> **Your goal**
In the entries that follow, the lines from the one with "Motion Blur Light - Sepia - Poster - Office" through the one with "Timber Rattlesnake, adult, USA, Northamerica" are the ones to write out, exactly and with both ends included. Nothing else should appear.

> **Source data**
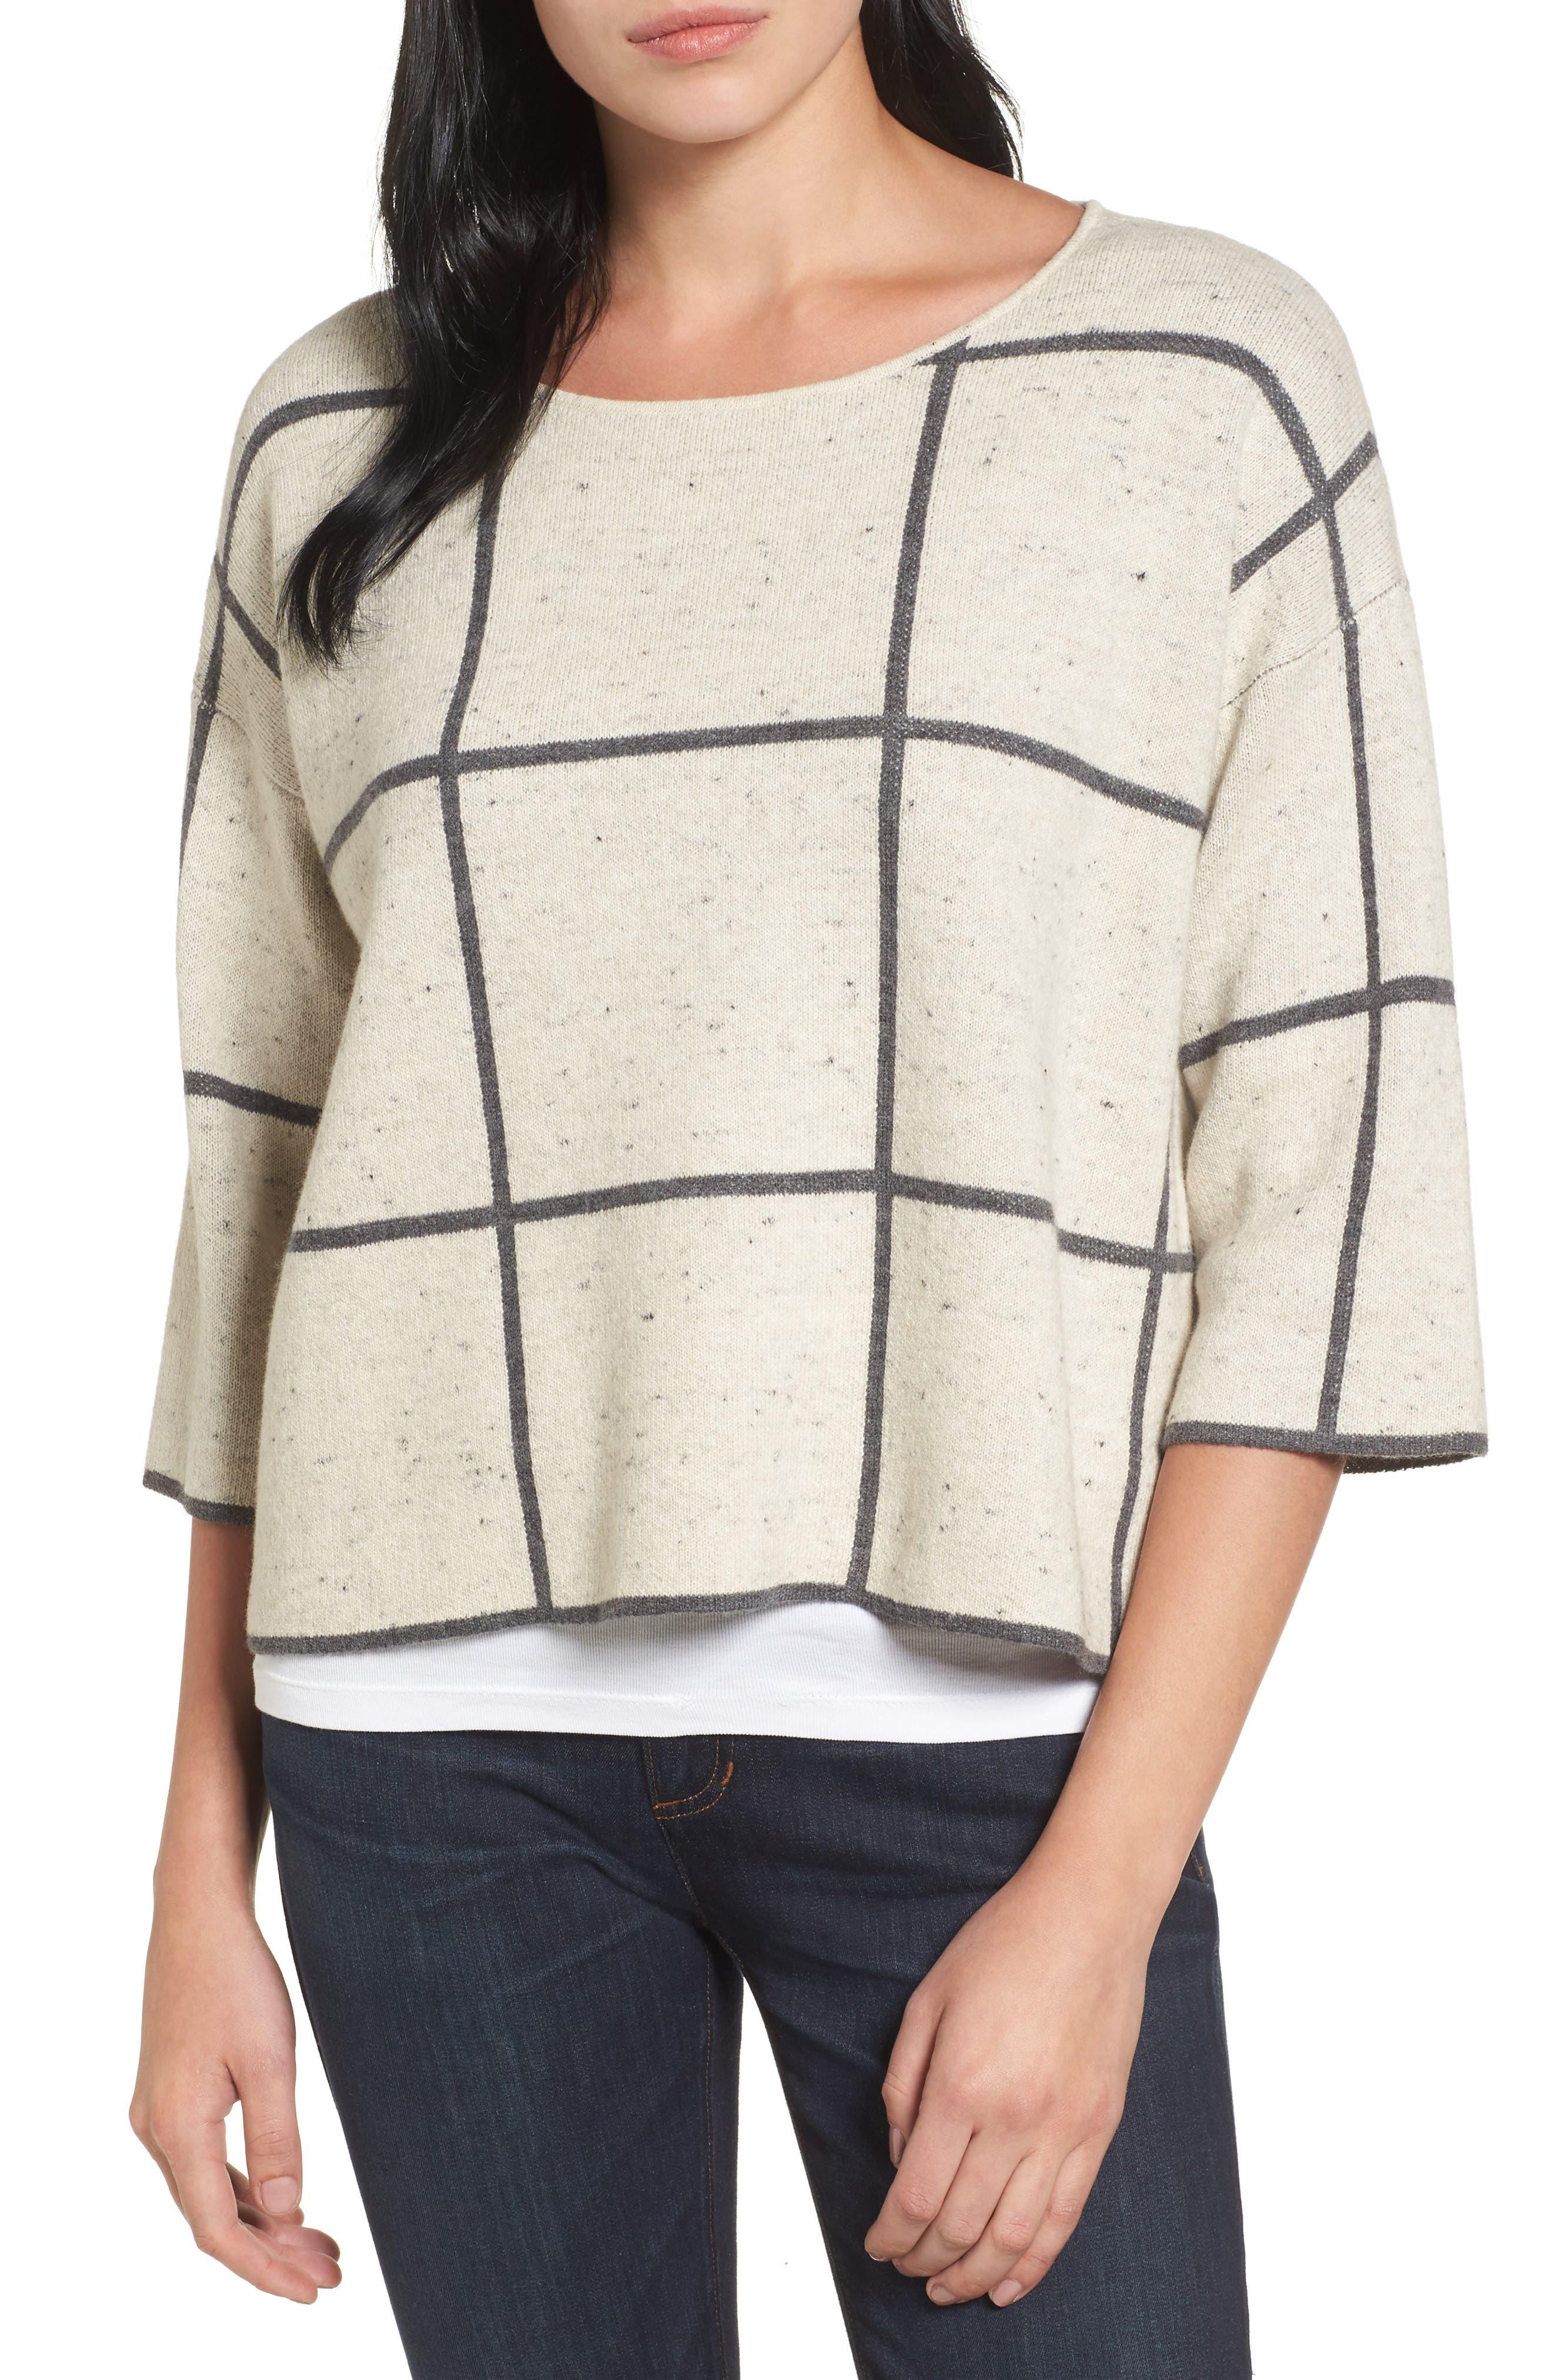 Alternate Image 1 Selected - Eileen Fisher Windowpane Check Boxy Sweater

==

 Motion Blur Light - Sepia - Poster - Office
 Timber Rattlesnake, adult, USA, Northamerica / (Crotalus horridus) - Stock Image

> **Result**
 Motion Blur Light - Sepia - Poster - Office
 Timber Rattlesnake, adult, USA, Northamerica / (Crotalus horridus) - Stock Image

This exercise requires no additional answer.